Mr. Stain lives in a junk-filled alley and comes across objects in his searches. These objects seem ordinary at first but soon prove to be otherwise, resulting in awkward situations. He befriends a large feline, named Palvan, who almost always does not agree with Stain on the best use of a found item. Their arguments become extremely violent with one of them getting hurt, but things turn out well at the end. Both characters are very selfish but their tender side can also be seen. Mr. Stain is the only character who appears in all the episodes; Palvan is not in episodes four and ten. The rest of the characters appear occasionally in important roles, but can be seen in other episodes.
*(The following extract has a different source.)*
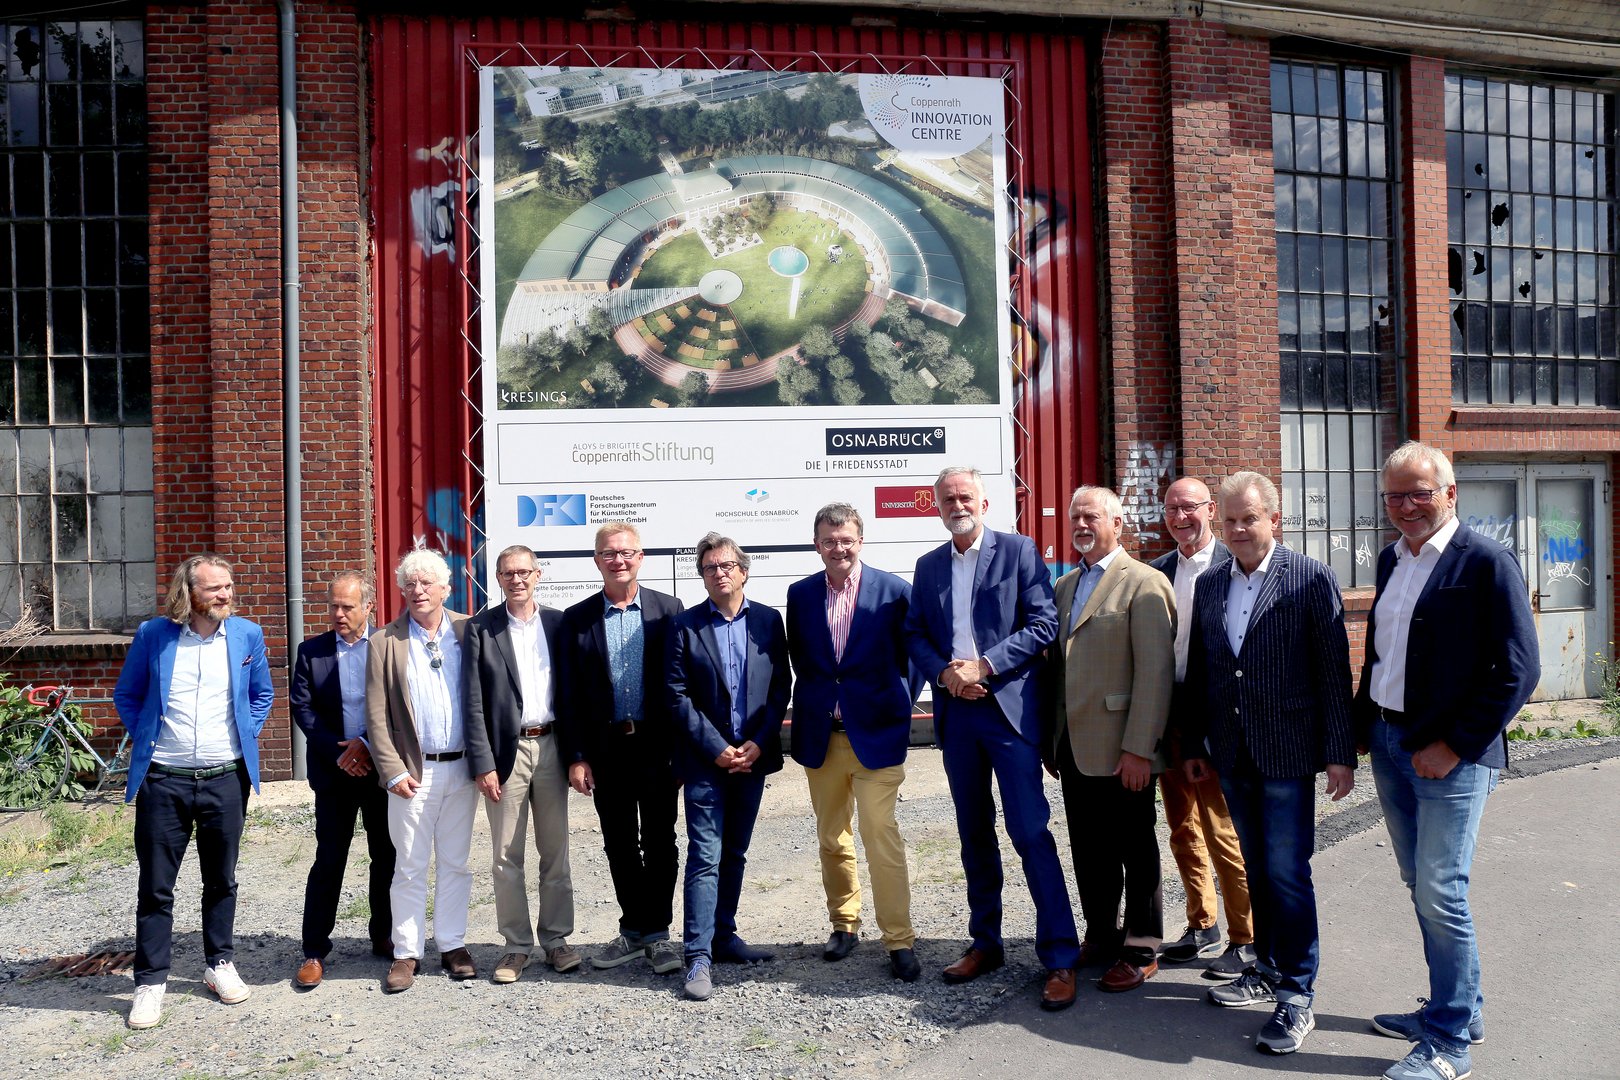 Vertreter von Stadt Osnabrück, der Aloys & Brigitte Coppenrath-Stiftung, von Universität und Hochschule Osnabrück stellen die Pläne für das "Coppenrath Innovation Centre" am alten Ringlokschuppen vor.
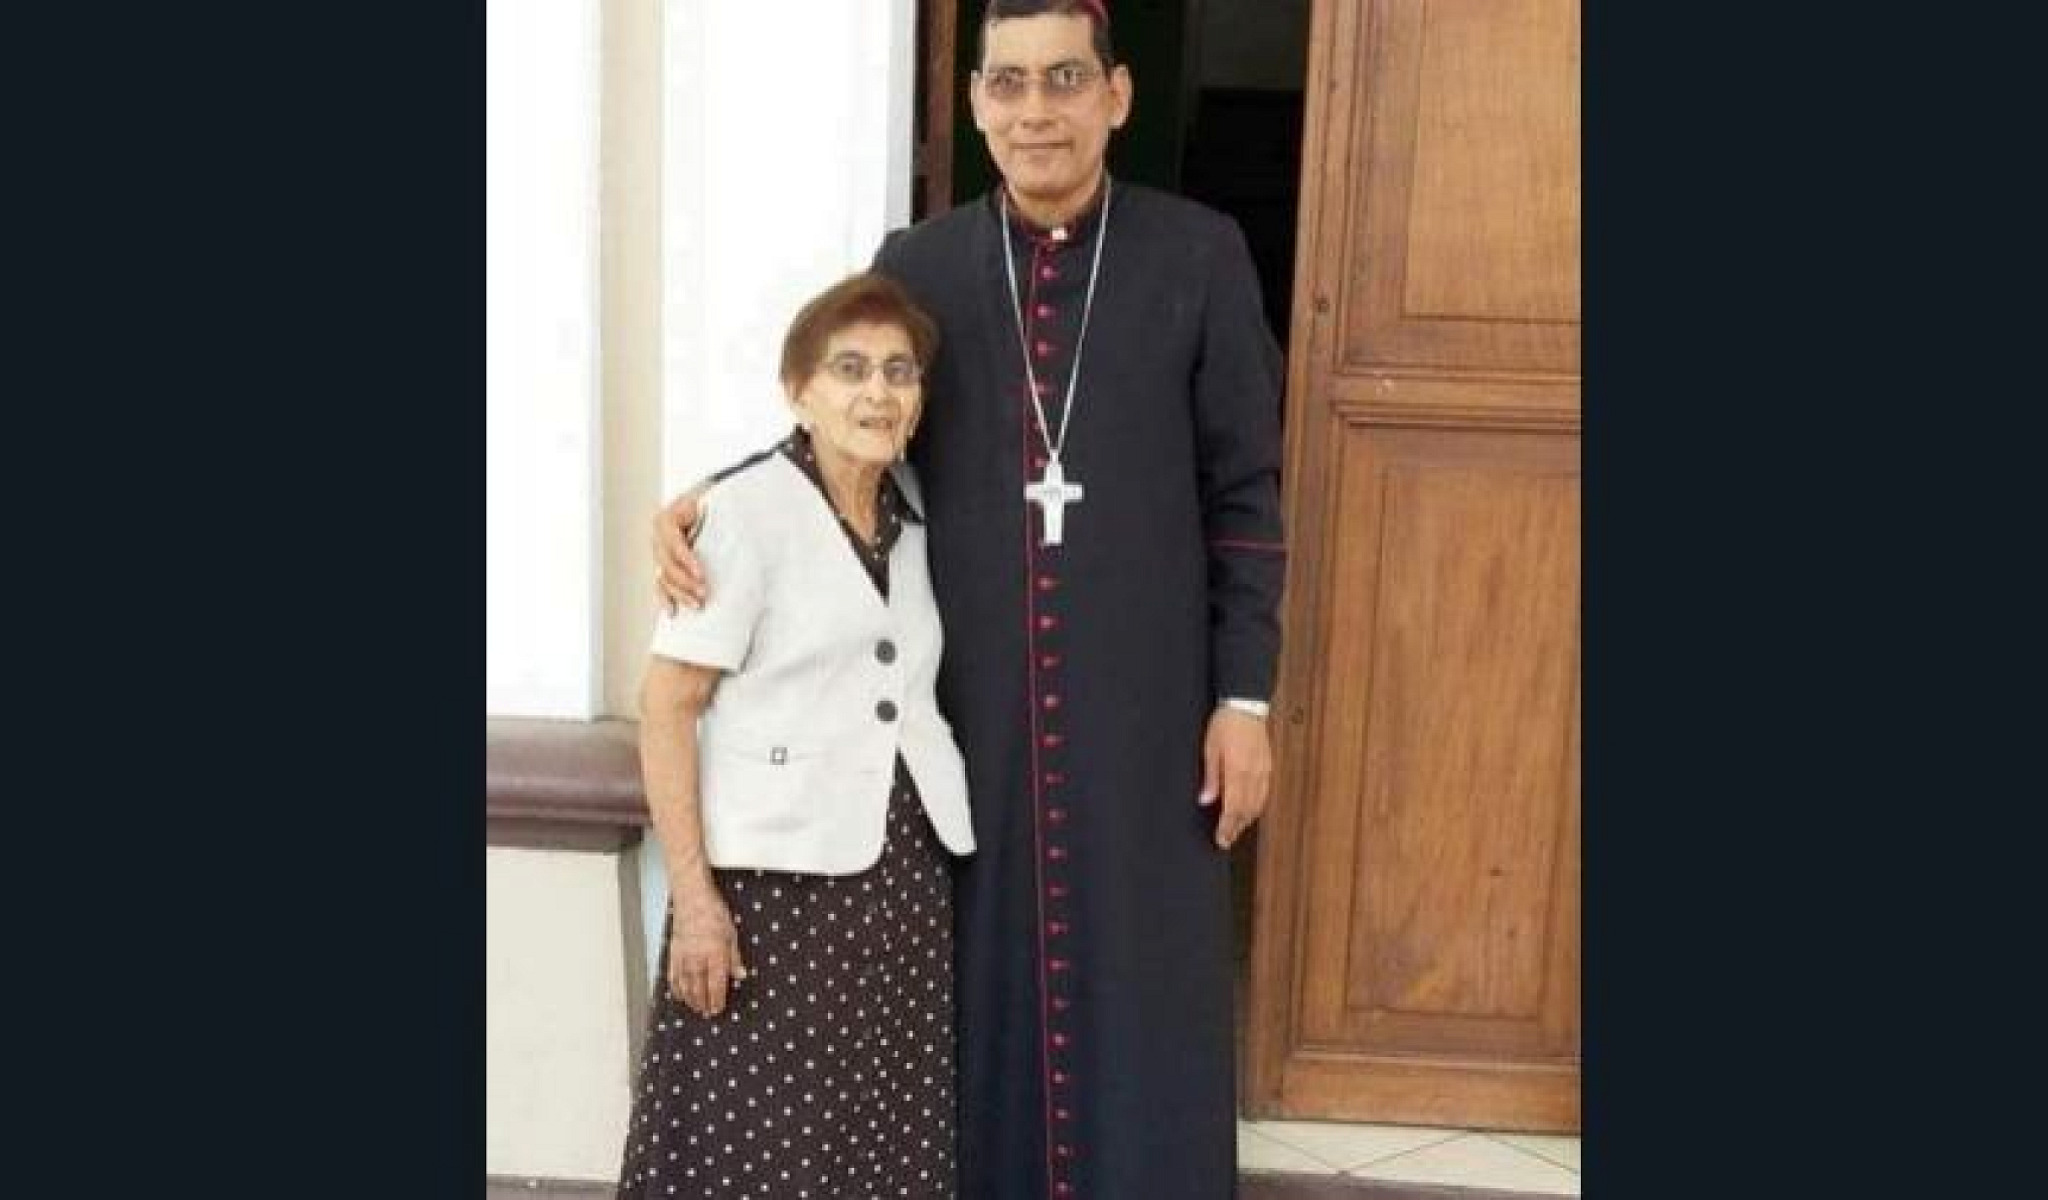 Falleció a sus 103 años doña “Chepita” Pérez, mamá de Monseñor Jorge Solórzano, obispo de la Diócesis de Granada.

The characters in the series are an odd bunch with names that suggest their fate (or role) or their physique: Eaten is a fish that is consumed, Rings is a lizard that uses rings as an accessory around its neck, Pylon is a crab that uses a pylon as headgear, and Policeman is an officer of the law who comes to the alley on his rounds. Different minor characters, such as Squeezed dog and Masked monkey, appear in the series as inhabitants of "Junk Alley" besides Mr. Stain and Palvan. Others like Lost kitten and Stephanie, a young girl, accidentally enter the alley and are helped to find a way out. There is an abandoned baby and a pianist called Lifa, with whom Stain falls in love but must fight his alter-ego, Handsome Stain from the mirror world, for her affection.

Storyline

Mr. Stain is a street-dwelling vagabond who uncovers the mysterious and bizarre world of Junk Alley. Objects in the alley have magically come to life. Stain makes friends and along with them has adventures within the alley. The episodes usually start with him finding an odd object and an adventure ensues. The episodes are comic with some thought-provoking scenes.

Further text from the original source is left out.